Although I enjoy Hunter S. Thompson's writing immensely and his clear-eyed analysis coupled with absolute post-modern absurdism is both exhilarating and overpowering, I do know better than to read him at breakneck speeds. It's a little mentally dangerous. I picked up Fear and Loathing on the Campaign trail in '72 for whatever unclear reason, and I just tore through it in less than a week. I do. I know better than to do that.
And that's Hunter's most thoughtful work. In my opinion.
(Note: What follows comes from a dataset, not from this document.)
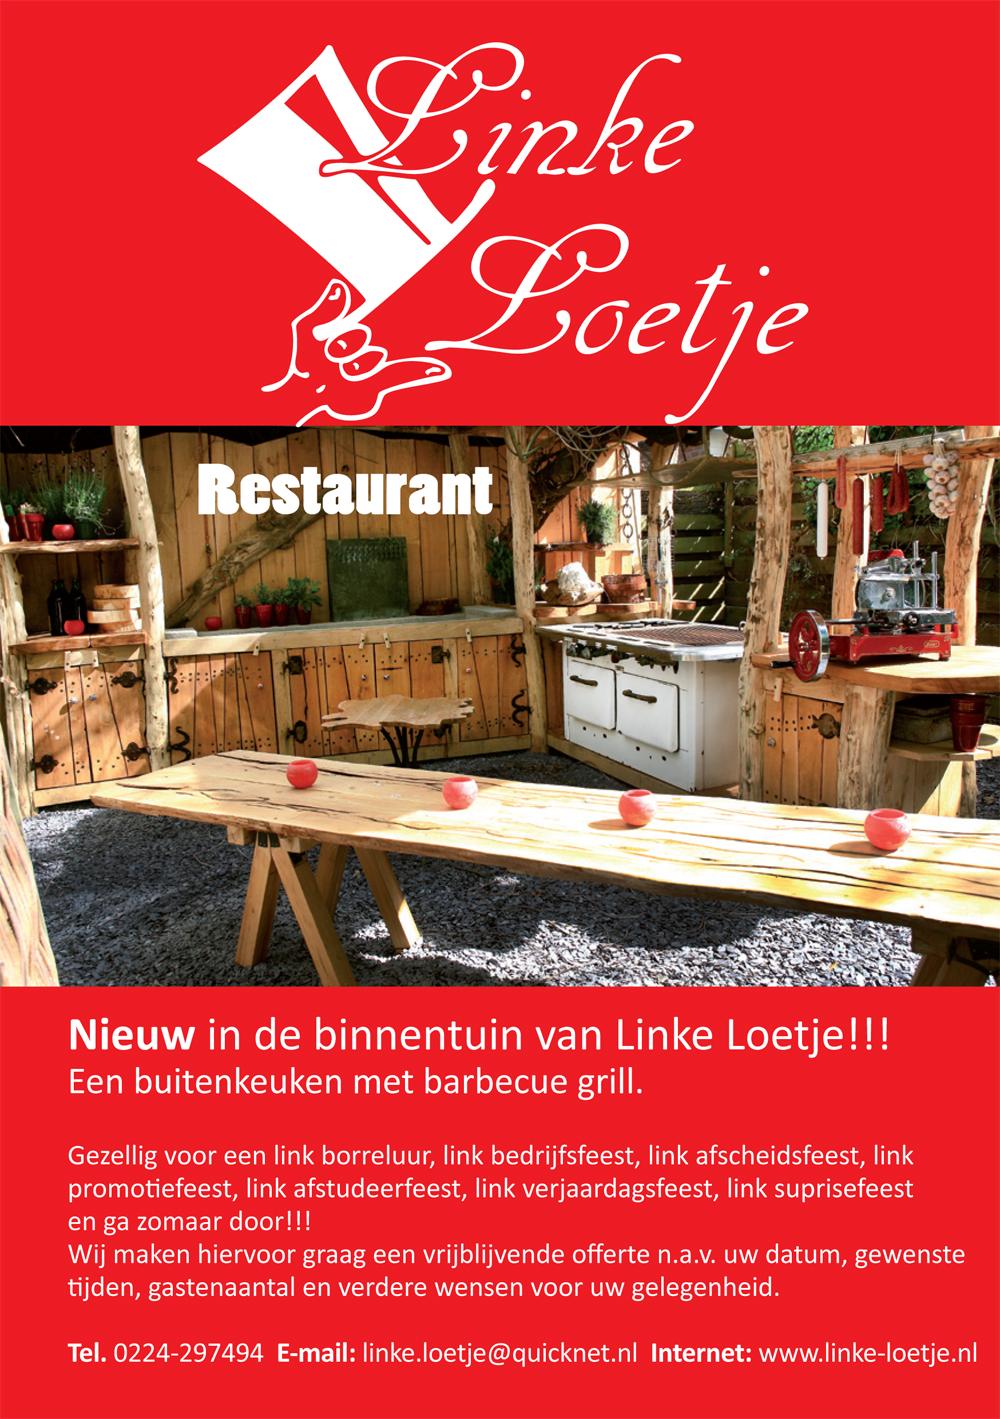 Welkom Bij Linke Loetje Linke Loetje Restaurant
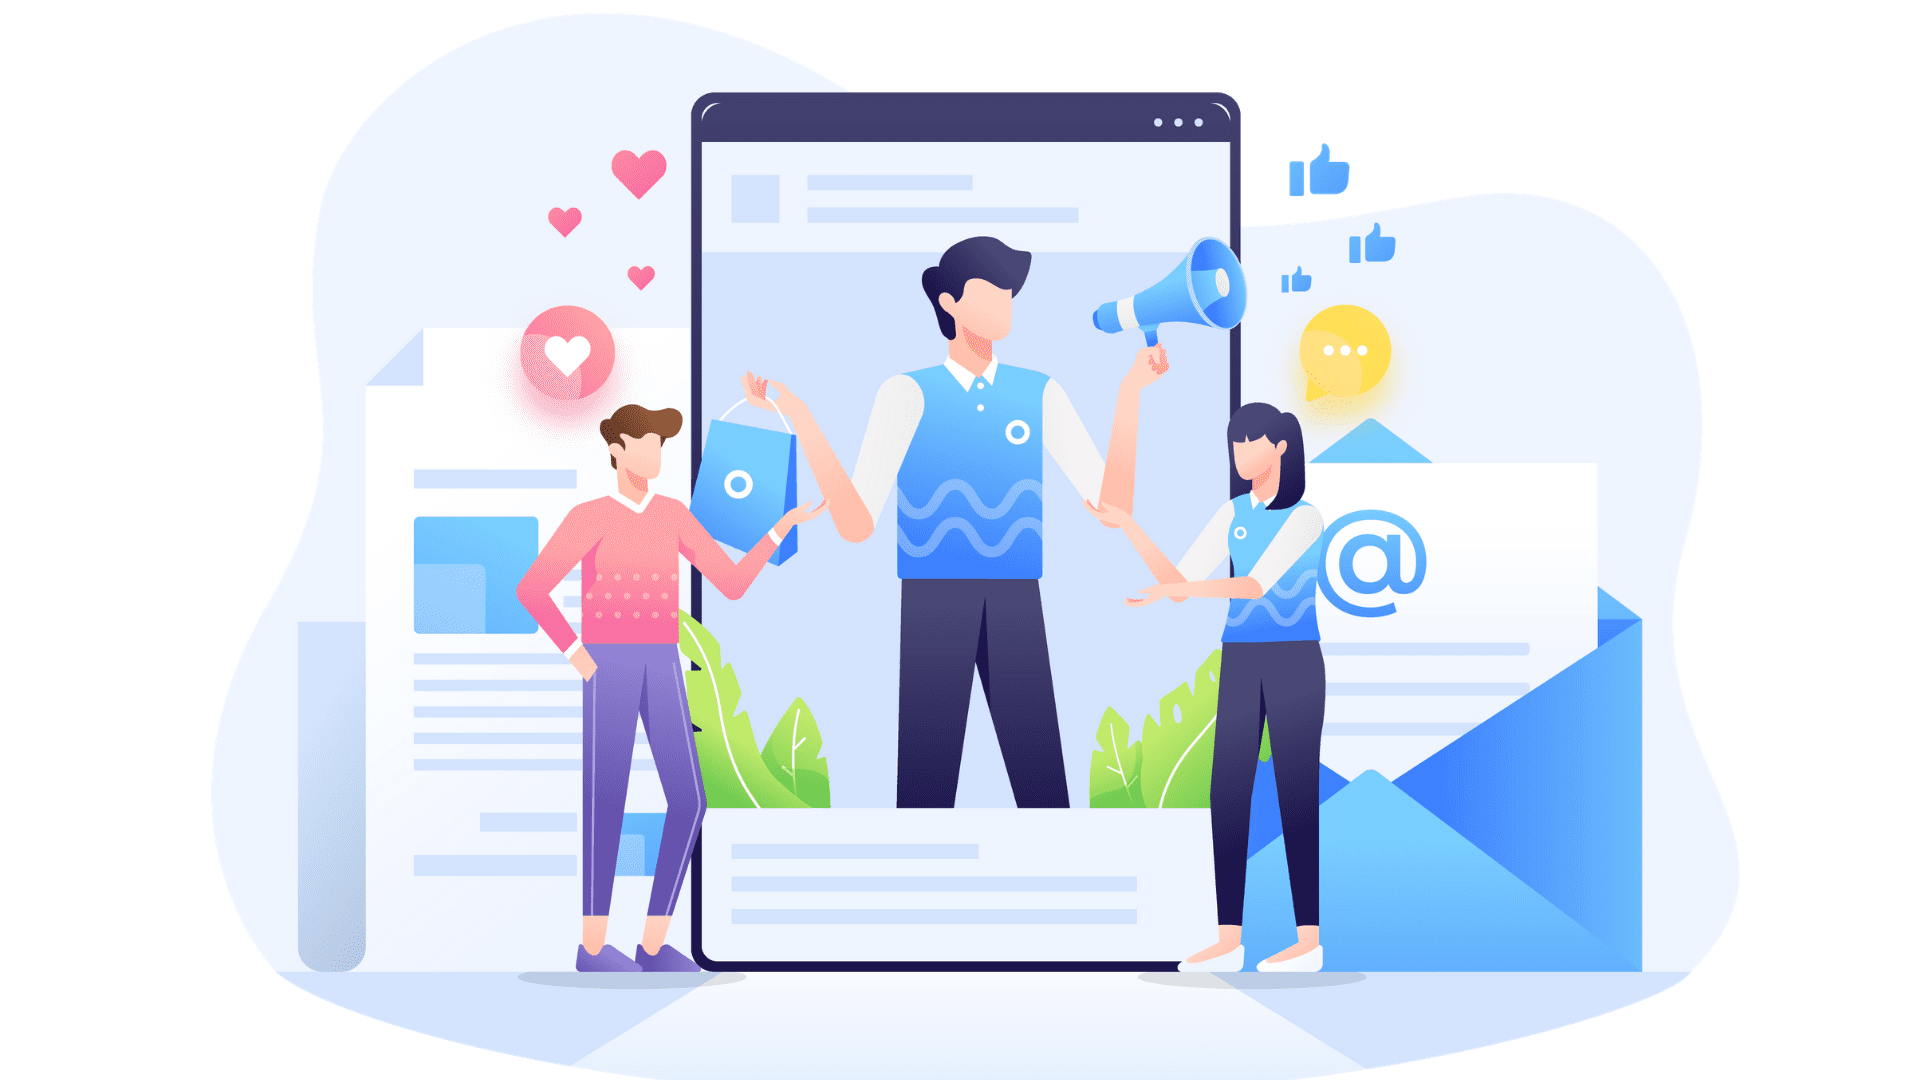 marketing ideas to promote app

Not that it's not full of gonzo insanity, and it's not that the context of his ravings doesn't make him seem painfully sane, it's just that his style is wildly manic.
Years ago I had this idea for a remake of an old Japanese film, Rashomon, w/ HST as the bit role of the traveler who's hearing the various stories from different people who happen to be in a diner, which replaces the abandoned temple, as the real story happens in multiple perspective flashback. And the whole thing would be based around Thompson's book Hell's angels. About a crime the Hell's angels may have committed. Rashomon was all about perspective. Cryptic, eh? Read the book and go see the movie and you'll see why the idea is a little controversial and would be a difficult movie to really make.
But anyway, it occurred to me that if I wanted to write as Hunter, I would have to read as much of his writing as I could. I read just about everything. Collections of letters (the man wrote three volumes of letters to friends and family over the years), his early novel The Rum Diary, FNL in LV, The great Shark Hunt, various collections from his later writings, etc. I tried to learn how to think like Hunter S. Thompson.
Let me tell you it's a very disturbing, if also enlightening, place. Not that he's wrong. Especially with Campaign. One of the great takeaways from Thompson's journalism in 1972 was that it's crazy to take politicians at surface value. And even worse, it's not objective. That's really one of the great lessons of postmodernism: rationality is not always rational. But the form of this lesson for Thompson was his life, and it made him a character. A celebrity. He could no longer practice his brand of journalism because he became the story. And he had to play a character that was intensely polarizing. It was probably ultimately a fairly self destructive character too, but only he would've know that for sure. I never did know 'em, so I couldn't rightly say.
The point of all this was that I didn't mean to be such a menace about behavioral economics, leveraged buy-outs, or the new Star Trek. It just happened to be the stuff I was thinking about while I was reading the Campaign Trail. I also shredded on the idea that Inifinite Jest is a difficult book, the difference between the progressive and conservative media approach (informative vs. demagogic?), the potential illusion of free will, and other related nonsense. I was pretty worked up by the time I got through.
I actually think the work of behavioral economics is very important. In the end, we've gotta start somewhere. The economic reform process is going to be long and hopefully fruitful. I just worry that we're picking at the scabs on our elbows while our intestines bleed out or something. Not that behavioral economics is the scab. The metaphor is never perfect. They've taken good basic research from the specialized fields of modern psychology, but the integration has to go further. Sociology, history, anthropology, really the entire field of the humanities, theology. We've gotta get the whole superstructure fit together. It's like a giant puzzle of knowledge.
In order for the social sciences to integrate, economics cannot seperate itself from the research and ideas of the wider field. It cannot be it's own seperate entity, but in order to maintain Friedman, that's what has to be done. And what this basic work that Thaler, Sunstein, Schiller, etc. are doing is showing us the the symptoms of larger philosophical problems that we cannot continue to ignore.
I really don't have any nice things to say about leveraged buy outs. So, I'm gonna move right on to the new Star Trek. It was. It was good. I enjoyed it. To a degree. I really felt like the movie should've started with the young Kirk racing down the road in the stolen car and saved the back story about his dad to be cut in along the way as self-reflective flashbacks to soften the brazenness of Captain Kirk's character. I really felt like Kirk needed a few brief flashes of self reflection. Not just that one slight aside to Uhura.
But it was still pretty smart and funny for the tent pole action/adventure genre. I would prefer if they got some of the physics right. Maybe there was some in there that I didn't notice. Abrams is definitely no slouch. I did like Spock designing the Kobayashi Maru. I felt like the rest of the stuff about the Maru was too easy. It should have been a more difficult question. Not so cut and dried. A little more sophisticated. I know that's a loaded word. It really shouldn't be. Still the new Trek was worthwhile. It was worth my time and money. For the most part.
Anyway, I've already started in on David Foster Wallace's Infinite Jest. Never read any of his work before, and it's clearly monumental. I am looking forward to reading this book this summer. Got to try and make it last all summer, and read other things. Comparative mythology, for example. William James. Mircea Eliade. Joseph Campbell. Some really 'difficult' books.
Anyway, that was really digressive. Sorry. I'm basically just muttering to myself under my breath in print. I probably do that too much.